Characterization of the major transcripts encoded by the regulatory MuDR transposable element of maize.

The MuDR element controls the transposition of the Mutator transposable element family in maize. Previous studies reported the presence of two major MuDR-homologous transcripts that correlate with Mutator activity. In this study, we describe the structure and processing of these two major transcripts. The transcripts are convergent, initiating from opposite ends of the element within the 220-bp terminal inverted repeats. The convergent transcripts do not overlap, and only 200 bp of internal MuDR sequences are not transcribed. Cloning and sequencing of multiple MuDR cDNAs revealed unusual intron/exon junctions, differential splicing, and multiple polyadenylation sites. RNase protection experiments indicated that some splicing failure occurs in young seedlings, and that a low level of antisense RNA exists for both transcripts. On a whole plant level, the presence of the major MuDR transcripts strictly correlates with Mutator activity in that no MuDR transcripts are observed in non-Mutator or inactive Mutator stocks. Examination of various tissues from active Mutator stocks indicates that the two transcripts are present in all organs and tissues tested, including those with no apparent transposition activity. This suggests that Mutator activity is not simply controlled by the level of the major MuDR transcripts.

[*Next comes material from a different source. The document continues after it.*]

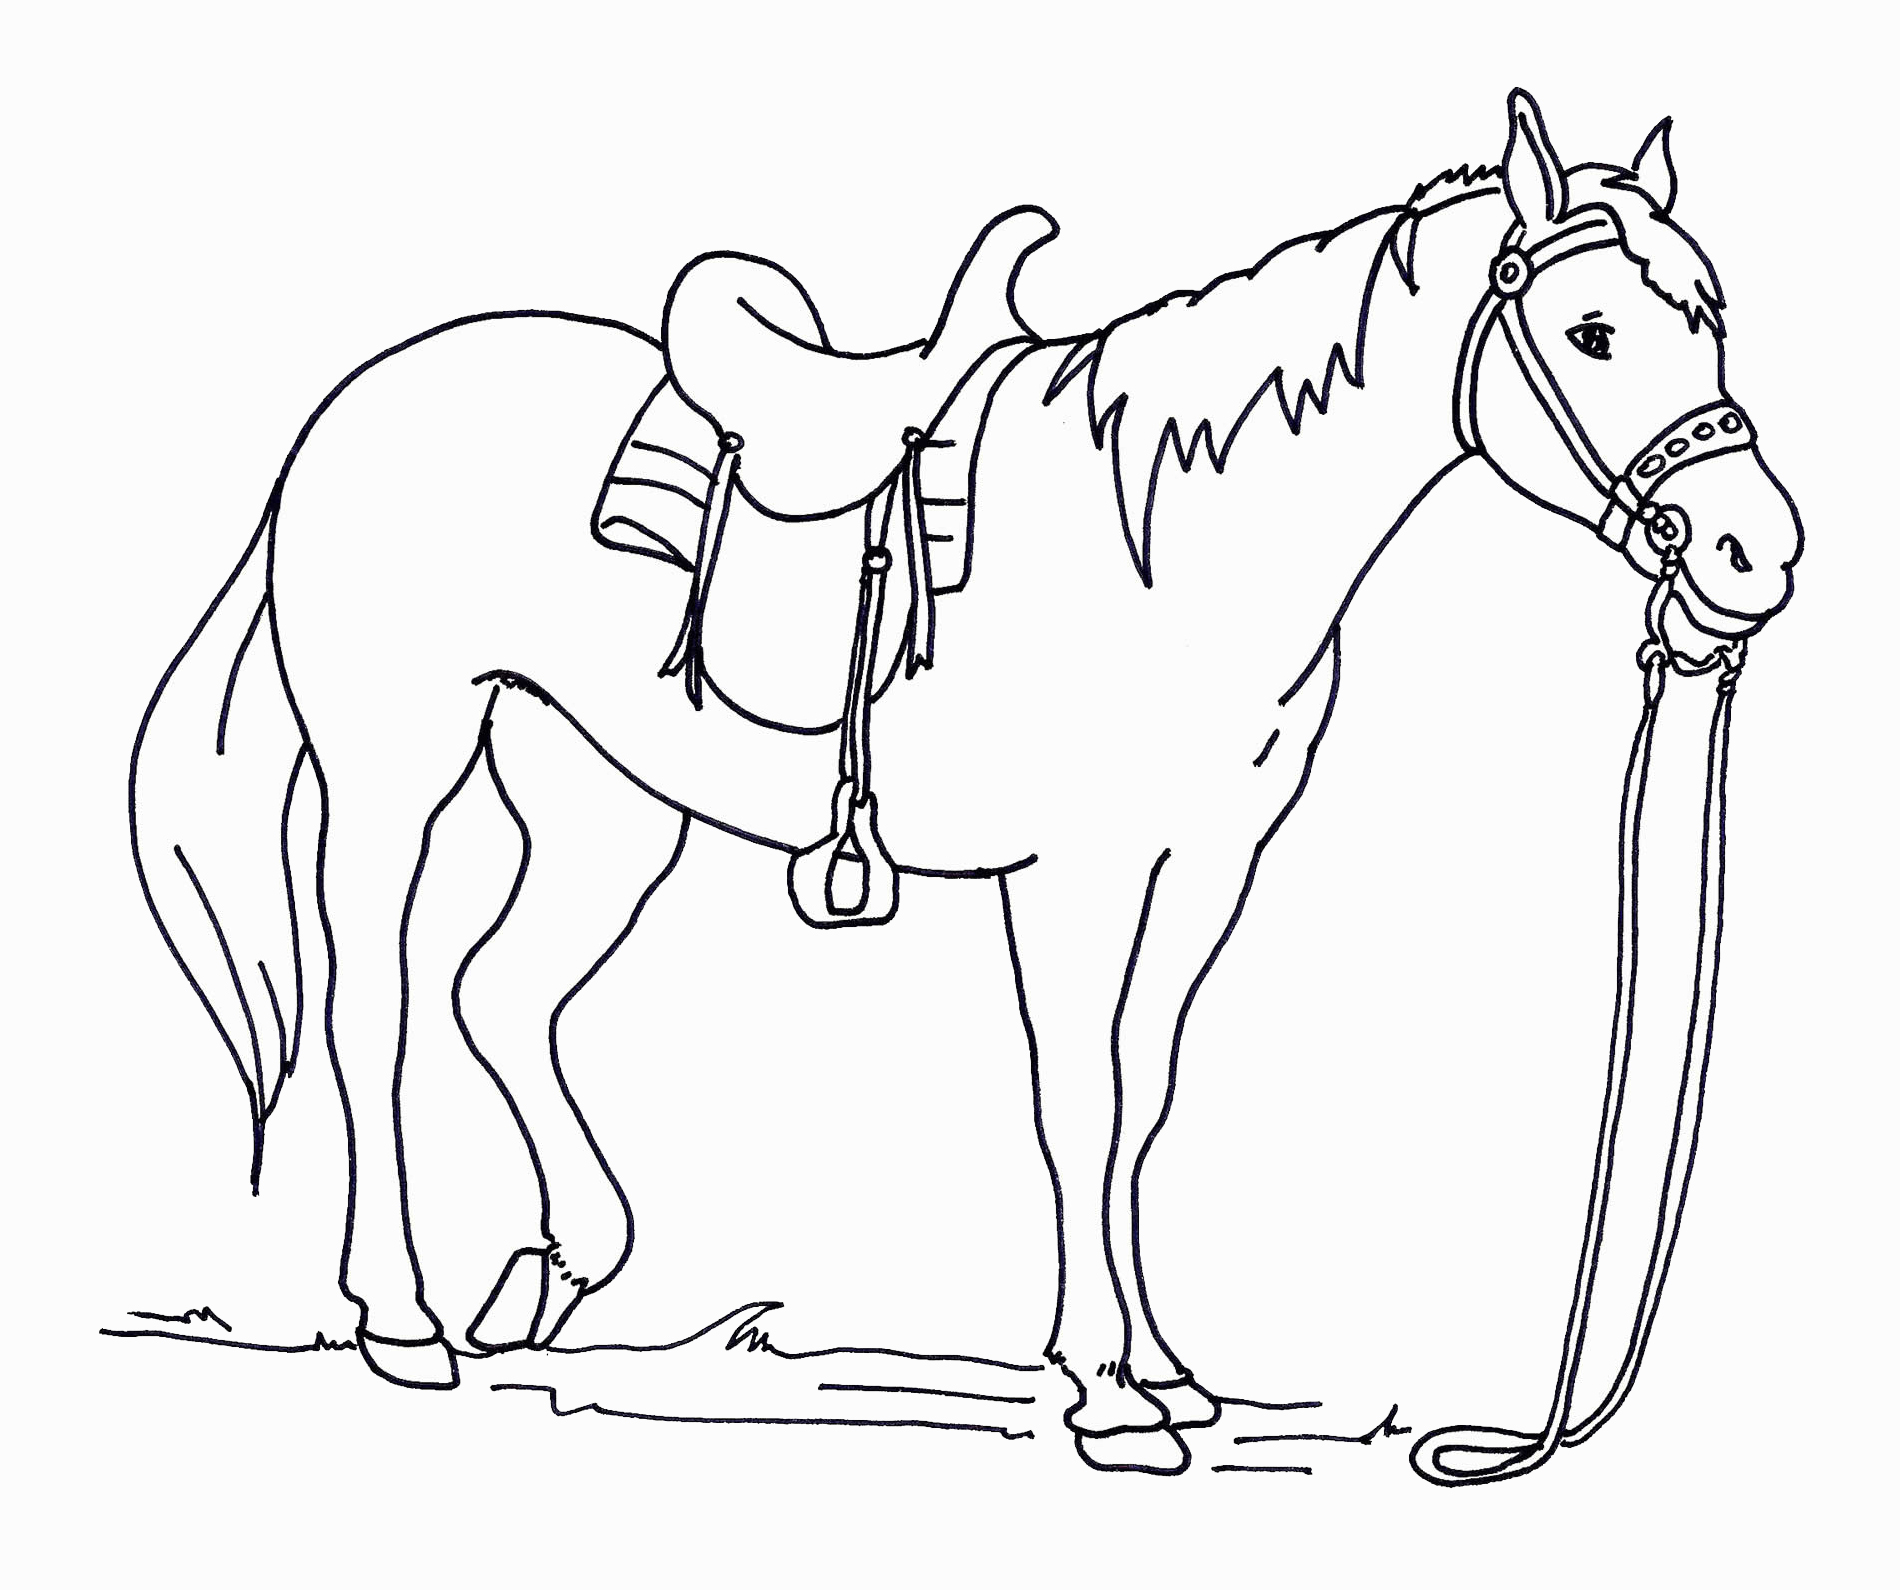 Раскрашиваем лошадку. Раскраска. Лошади. Раскраска конь. Картинки для раскрашивания лошадки. Лошадка раскраска для малышей.

In vivo analysis of intron processing using splicing-dependent reporter gene assays.

The mechanisms of intron recognition and processing have been well-studied in mammals and yeast, but in plants the biochemistry of splicing is not known and the rules for intron recognition are not clearly defined. To increase understanding of intron processing in plants, we have constructed new pairs of vectors, pSuccess and pFail, to assess the efficiency of splicing in maize cells. In the pFail series we use translation of pre-mRNA to monitor the amount of unspliced RNA. We inserted an ATG codon in the Bz2 (Bronze-2) intron in frame with luciferase: this construct will express luciferase activity only when splicing fails. In the pSuccess series the spliced message is monitored by inserting an ATG upstream of the Bz2 intron in frame with luciferase: this construct will express luciferase activity only when splicing succeeds. We show here, using both the wild-type Bz2 intron and the same intron with splice site mutations, that the efficiency of splicing can be estimated by the ratio between the luciferase activities of the vector pairs. We also show that mutations in the unique U-rich motif inside the intron can modulate splicing. In addition, a GC-rich insertion in the first exon increases the efficiency of splicing, suggesting that exons also play an important role in intron recognition and/or processing.

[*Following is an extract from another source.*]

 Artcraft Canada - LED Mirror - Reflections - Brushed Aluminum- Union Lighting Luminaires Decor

Sequence similarity of putative transposases links the maize Mutator autonomous element and a group of bacterial insertion sequences.

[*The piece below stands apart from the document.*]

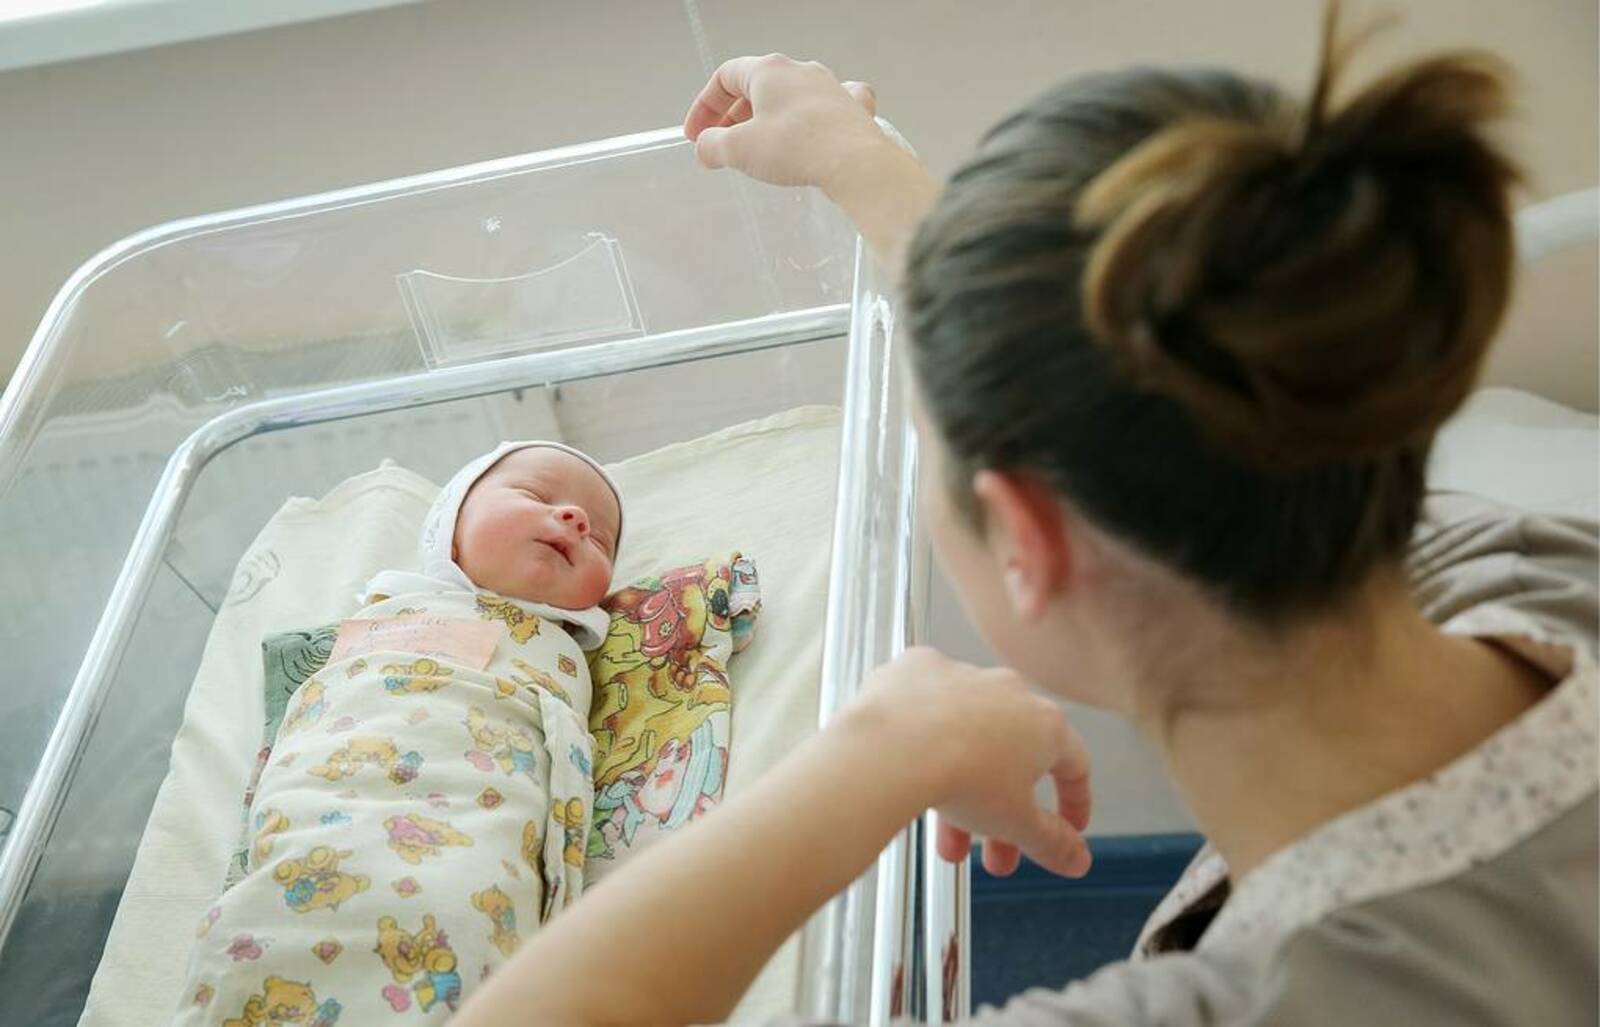 В ноябре 2021 года в Башкортостане зафиксирован рост рождаемости

The Mutator transposable element system of maize is the most active transposable element system characterized in higher plants. While Mutator has been used to generate and tag thousands of new maize mutants, the mechanism and regulation of its transposition are poorly understood. The Mutator autonomous element, MuDR, encodes two proteins: MURA and MURB. We have detected an amino acid sequence motif shared by MURA and the putative transposases of a group of bacterial insertion sequences. Based on this similarity we believe that MURA is the transposase of the Mutator system. In addition we have detected two rice cDNAs in genbank with extensive similarity to MURA. This sequence similarity suggests that a Mutator-like element is present in rice. We believe that Mutator, a group of bacterial insertion sequences, and an uncharacterized rice transposon represent members of a family of transposable elements.